Combining virus tracing and patch-clamp electrophysiology, the team have discovered that DP forms excitatory synaptic connections with cholecystokinin (Cck) positive neurons in the superficial lateral parabrachial nucleus (PBNsl), which then project to tachykinin 1 (Tac1) positive neurons in the parasubthalamic nucleus (PSTh). This results in the formation of a molecularly defined tetra-synaptic pathway: MOB^Slc17a7+ → DP^Camk2a+ → anterior PBNsl^Cck+ → PSTh^Tac1+.

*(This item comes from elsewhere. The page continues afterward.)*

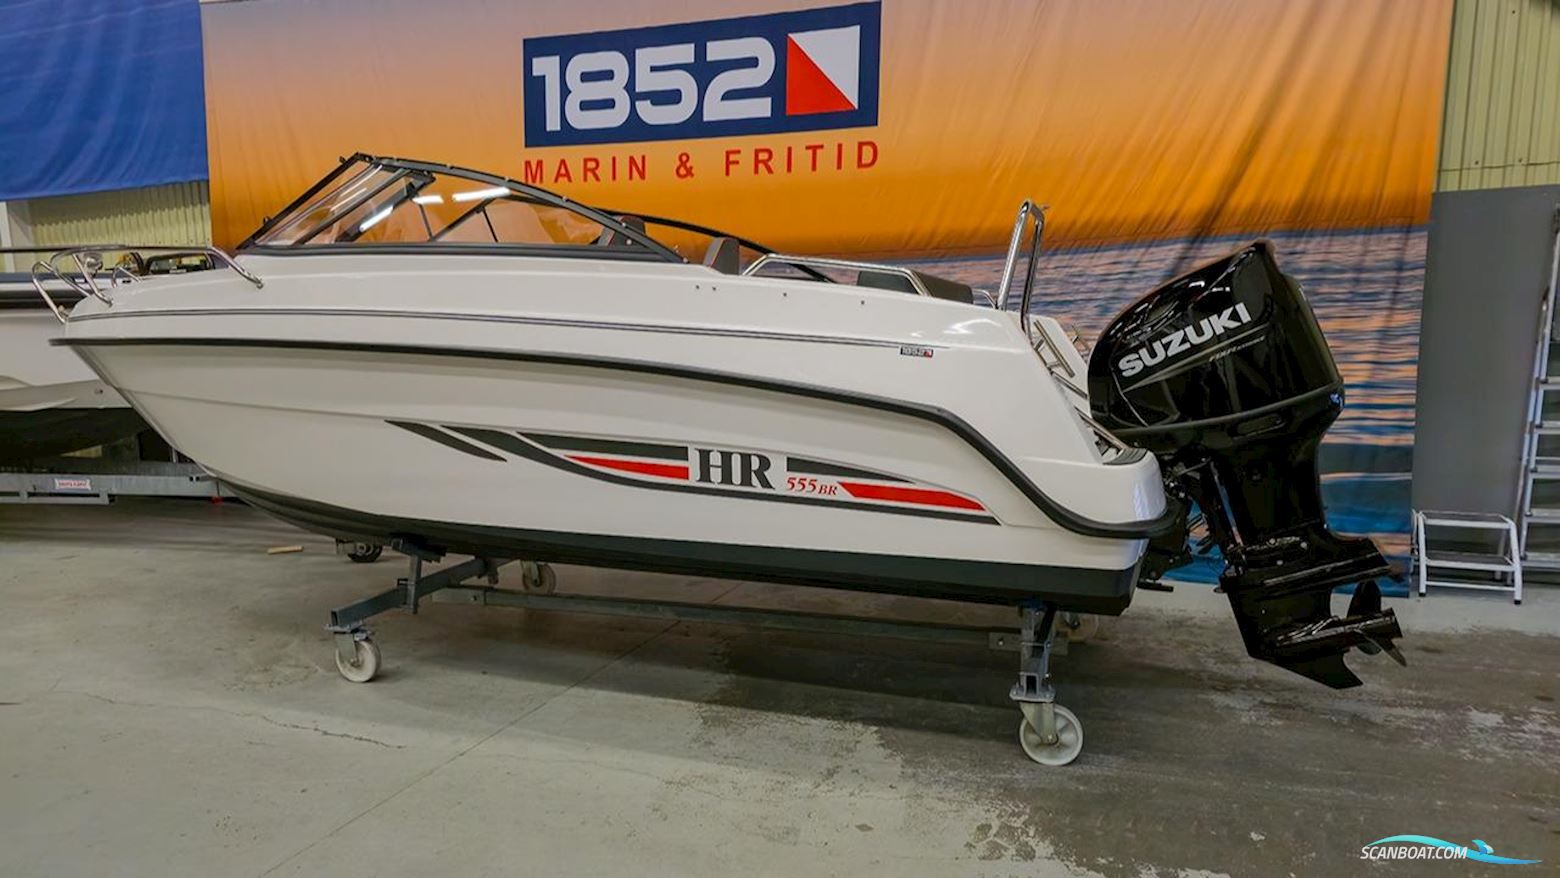 Hr 555 BR Motorbåd 2022, med Suzuki motor, Sverige
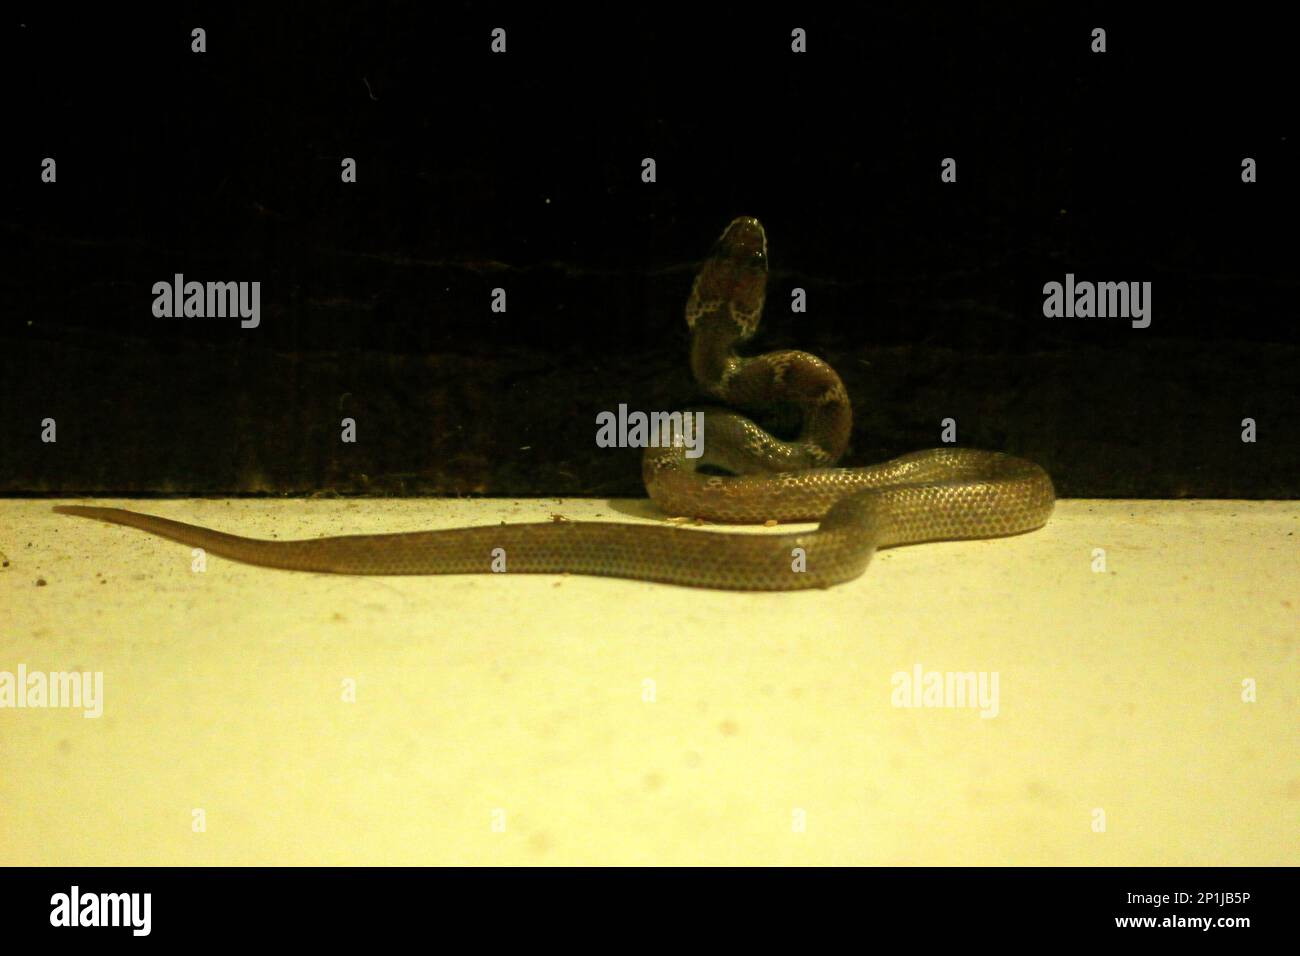 Lycodon aulicus, gemeinhin als indische Wolfsschlange bekannt, ist eine Art nicht giftiger Schlangen, die in Südasien und Südostasien zu finden ist. Frühe Naturforscher Stockfoto

In order to investigate whether the tetra-synaptic pathway participate in olfaction-evoked innate fear, PhD candidates CUI Liuzhe and FENG Xiaoyang delved deeper into the functional properties of the neural circuit. Their investigations revealed that this neural circuit exhibits significant activation during TMT-induced escape behavior (Figure 3). Furthermore, optogenetic inhibition of this pathway markedly diminishes mouse escape behavior and ameliorates fear-related responses. Even in mice with concurrent damage to the cortex and medial amygdala, activation of this pathway remains capable of inducing mouse escape behavior and replicating autonomic nervous response of innate fear. These findings suggest that the identified forebrain-to-hindbrain neural circuit can autonomously regulate TMT-induced innate fear independent of amygdala.

Figure 3: Single-cell calcium imaging results of anterior PBNsl^Cck+ positive neurons when TMT is close to the mouse's nose.

As a consequence of excessive or repetitive fear contributing to fear-related disorders, such as anxiety, the research team conducted a more in-depth examination of the pathway’s function in anxiety. Dr. WANG Hao stated, “We observed that continuous optogenetic activation of this pathway (1h per day for three days) resulted in markedly observable anxiety-like behaviors in mice. Furthermore, the inhibition of this pathway led to a significant reversal of the anxiety-like behavior after 2h of acute restrain stress.”

This study revealed a tetra-synaptic neural circuit of the main olfactory bulb → dorsal peduncular cortex → lateral parabrachial nucleus → parasubthalamic nucleus, and demonstrated that this pathway can regulate olfaction-evoked innate fear and anxiety bypasses the amygdala. Prof. LI Xiao-Ming, the corresponding author of the article, believes that this research not only expands our understanding of the neural mechanisms underlying fear and anxiety but also provides new insights into the pathogenesis of mental disorders.